Затевая свои судьбоносные реформы, царь Петр Алексеевич вряд ли задумывался о том, как они скажутся на качестве российского общества. В этом смысле он ничем не отличался от европейских монархов той эпохи, которые руководствовались в первую очередь геополитическими и экономическими интересами своих государств. Впрочем, Петр Первый не отступил бы от своих намерений, даже если бы он мог предвидеть их последствия для российского общества.
Главным инструментом петровских реформ стала «контролируемая колонизация» России лефортами, сиднеями, гамильтонами, гордонами, ванлейденами, паткулями и иже с ними. «Колонизация», которая открывала стране доступ во внешний мир и которую поддерживали, по точному выражению Алексея Толстого, «те безродные, расторопные, кто хотел перемен, кто завороженно тянулся к Европе, чтобы крупинку хотя бы познать от золотой пыли, окутывающей закатные страны». Кстати,
этих «безродных и расторопных» сегодня величали бы наймитами вашингтонского обкома или попросту русофобами.
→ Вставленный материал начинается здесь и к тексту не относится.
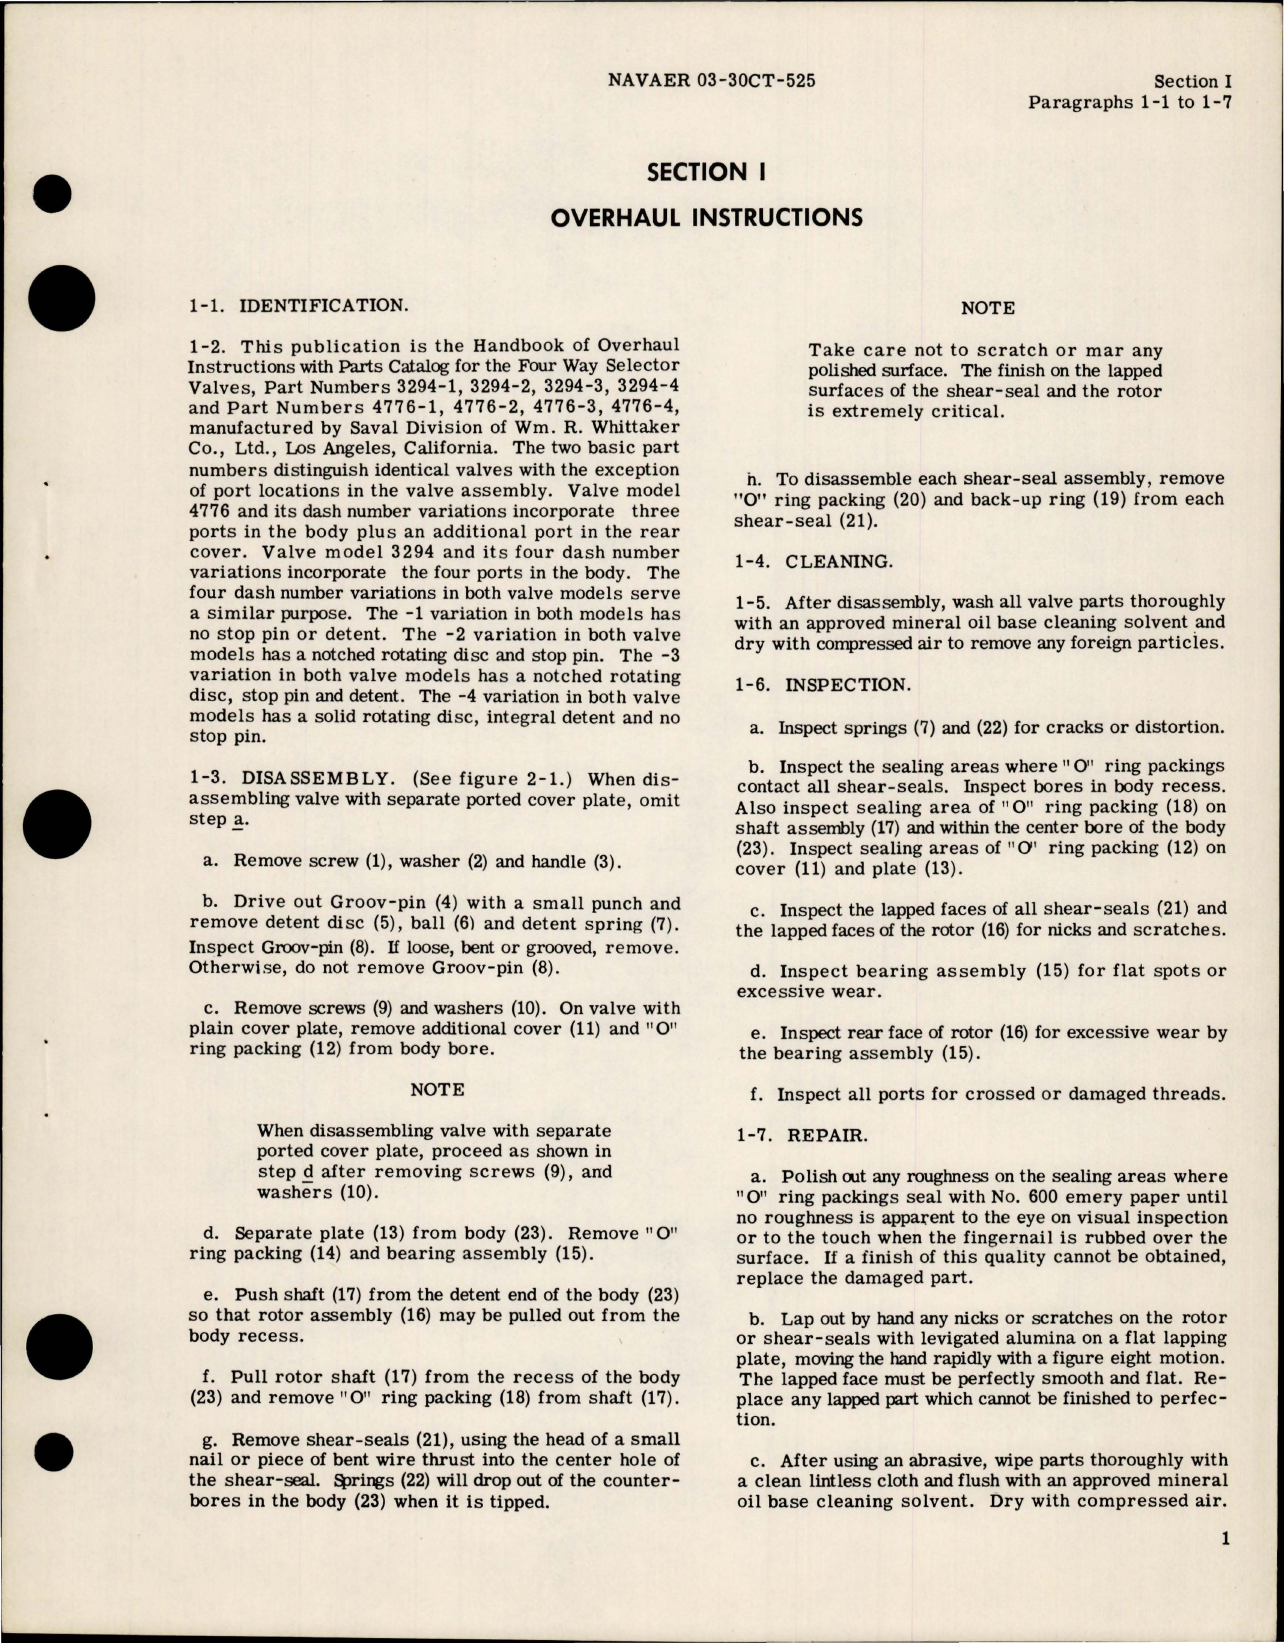 Sample page 5 from AirCorps Library document: Overhaul Instructions with Parts Catalog for Four Way Selector Valve

Тем не менее именно эти люди помогли Петру «поднять Россию на дыбы» и сделать ее стратегическим игроком на европейском континенте.
Между тем побочным последствием этой «колонизации» стала почти насильственная на первых порах европеизация привилегированной, а точнее, активной части российского населения, что привело в конечном счете к длительному и углубляющемуся культурному расколу между вынужденно инертной крестьянской массой и «приличным обществом», проникнутым европейской культурой и мировоззрением. Если бы не отмена крепостного права, в России вполне могли бы возникнуть две чуждые друг другу нации.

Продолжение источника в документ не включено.